▶ [SOURCE MATERIAL]
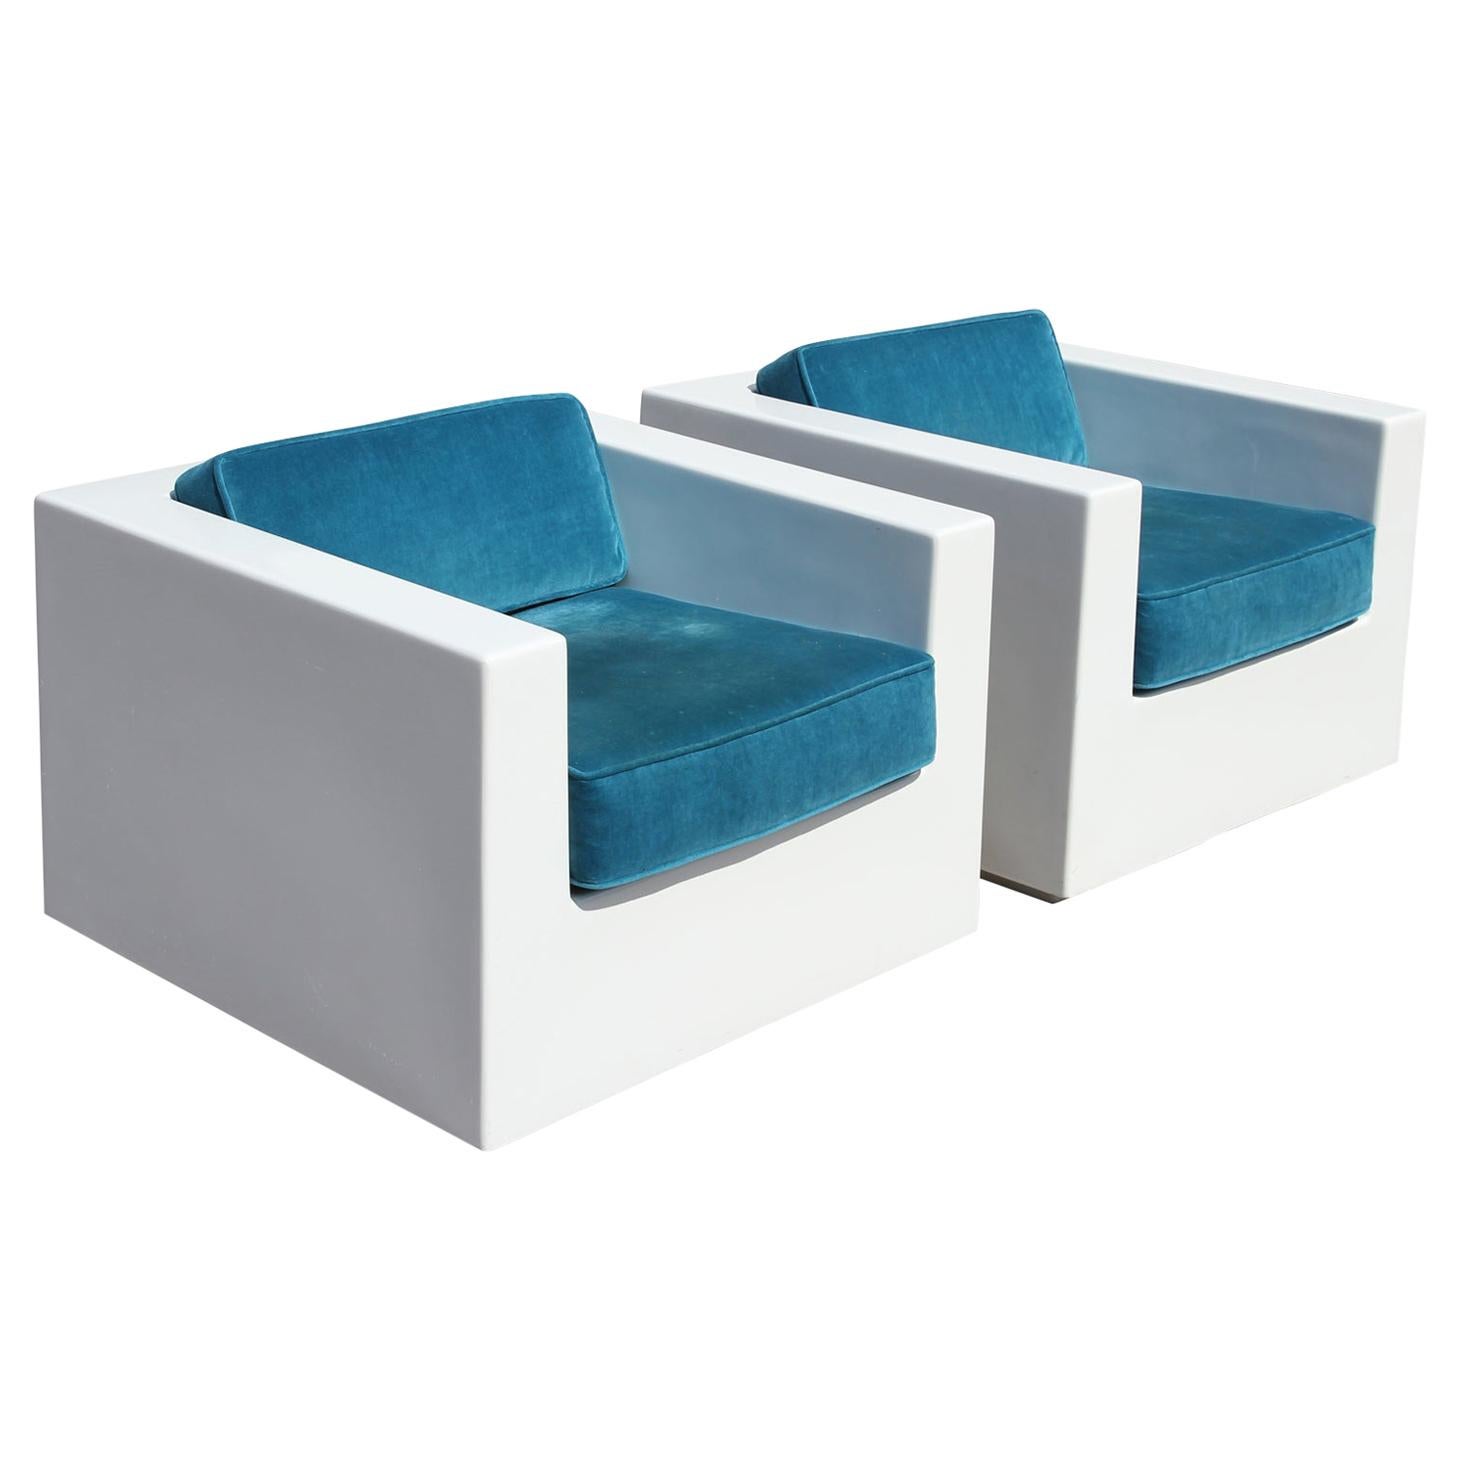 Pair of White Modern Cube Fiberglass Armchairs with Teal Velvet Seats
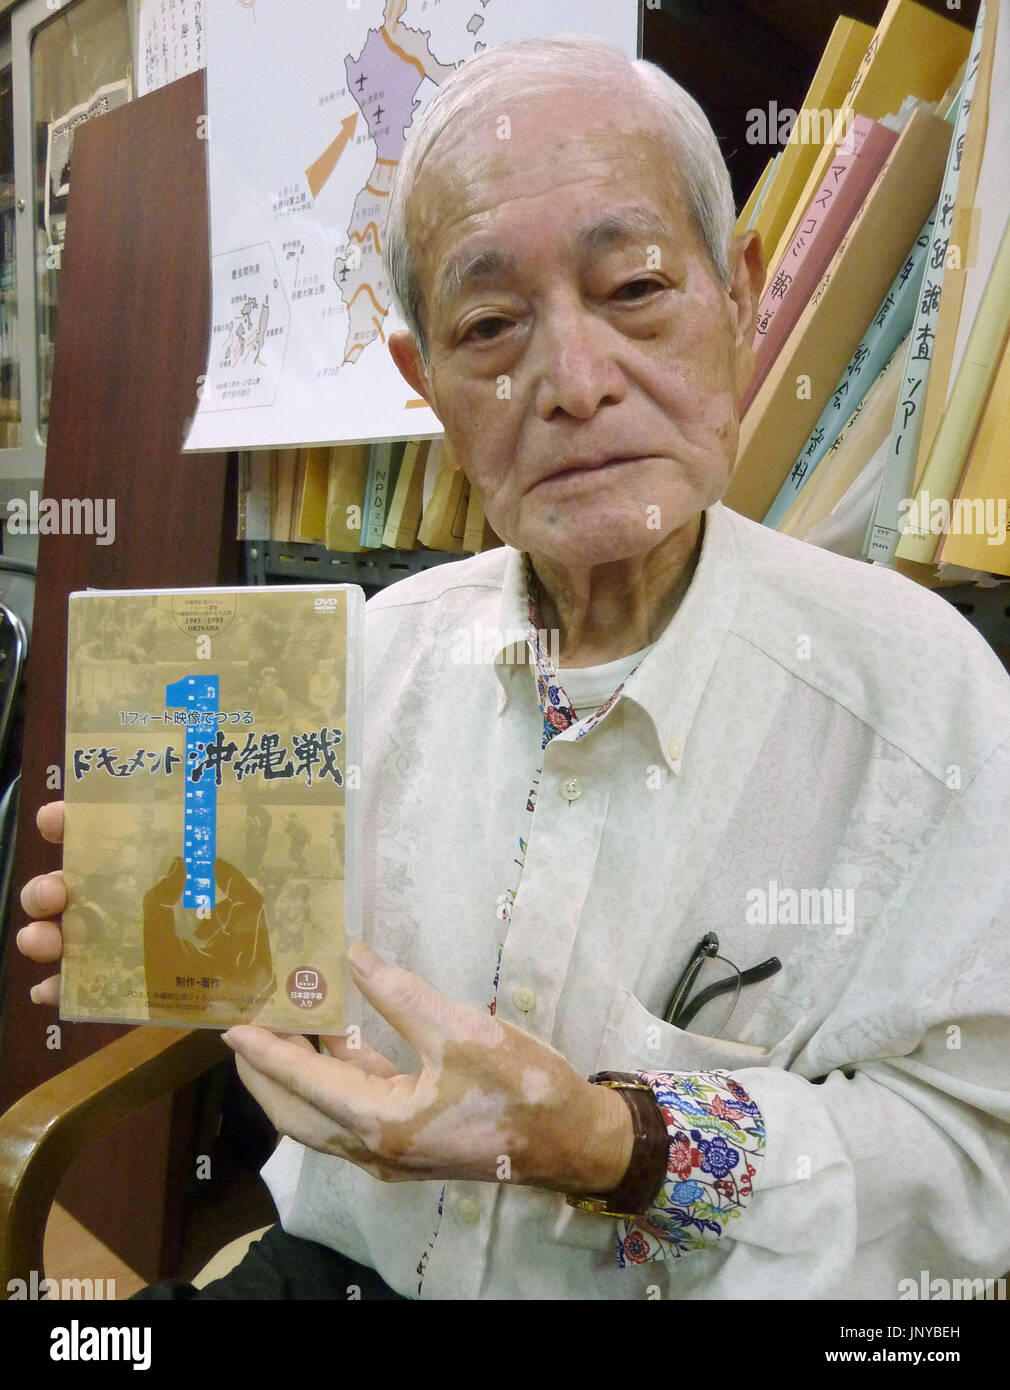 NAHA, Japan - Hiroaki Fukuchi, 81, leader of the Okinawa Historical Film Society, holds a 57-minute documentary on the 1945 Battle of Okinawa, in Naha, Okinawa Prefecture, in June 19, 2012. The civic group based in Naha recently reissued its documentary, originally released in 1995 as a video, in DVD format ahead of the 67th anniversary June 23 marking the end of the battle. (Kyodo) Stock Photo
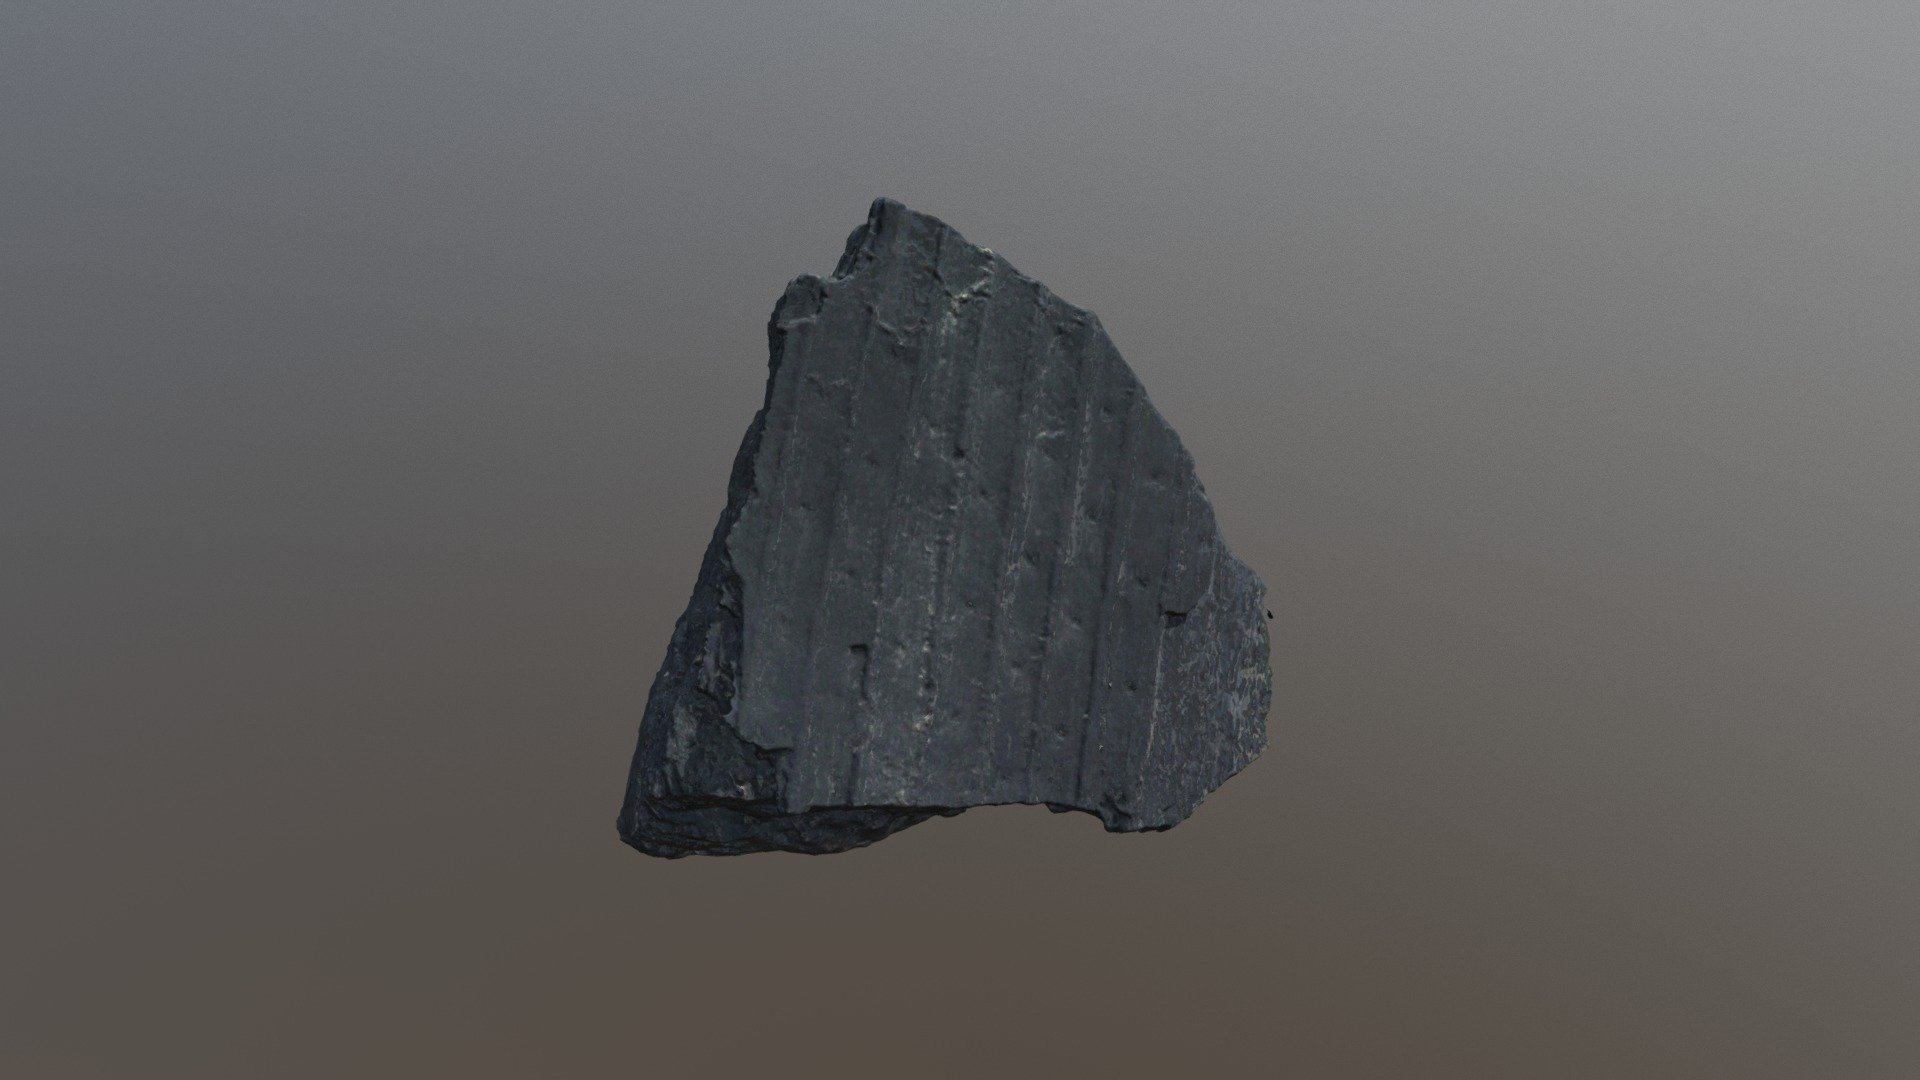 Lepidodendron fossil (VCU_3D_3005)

▶ [ASSIGNED TASK] Please copy the data shown above word for word, omitting the pictures.

▶ [ANSWER BOX]
 Pair of White Modern Cube Fiberglass Armchairs with Teal Velvet Seats
 NAHA, Japan - Hiroaki Fukuchi, 81, leader of the Okinawa Historical Film Society, holds a 57-minute documentary on the 1945 Battle of Okinawa, in Naha, Okinawa Prefecture, in June 19, 2012. The civic group based in Naha recently reissued its documentary, originally released in 1995 as a video, in DVD format ahead of the 67th anniversary June 23 marking the end of the battle. (Kyodo) Stock Photo
 Lepidodendron fossil (VCU_3D_3005)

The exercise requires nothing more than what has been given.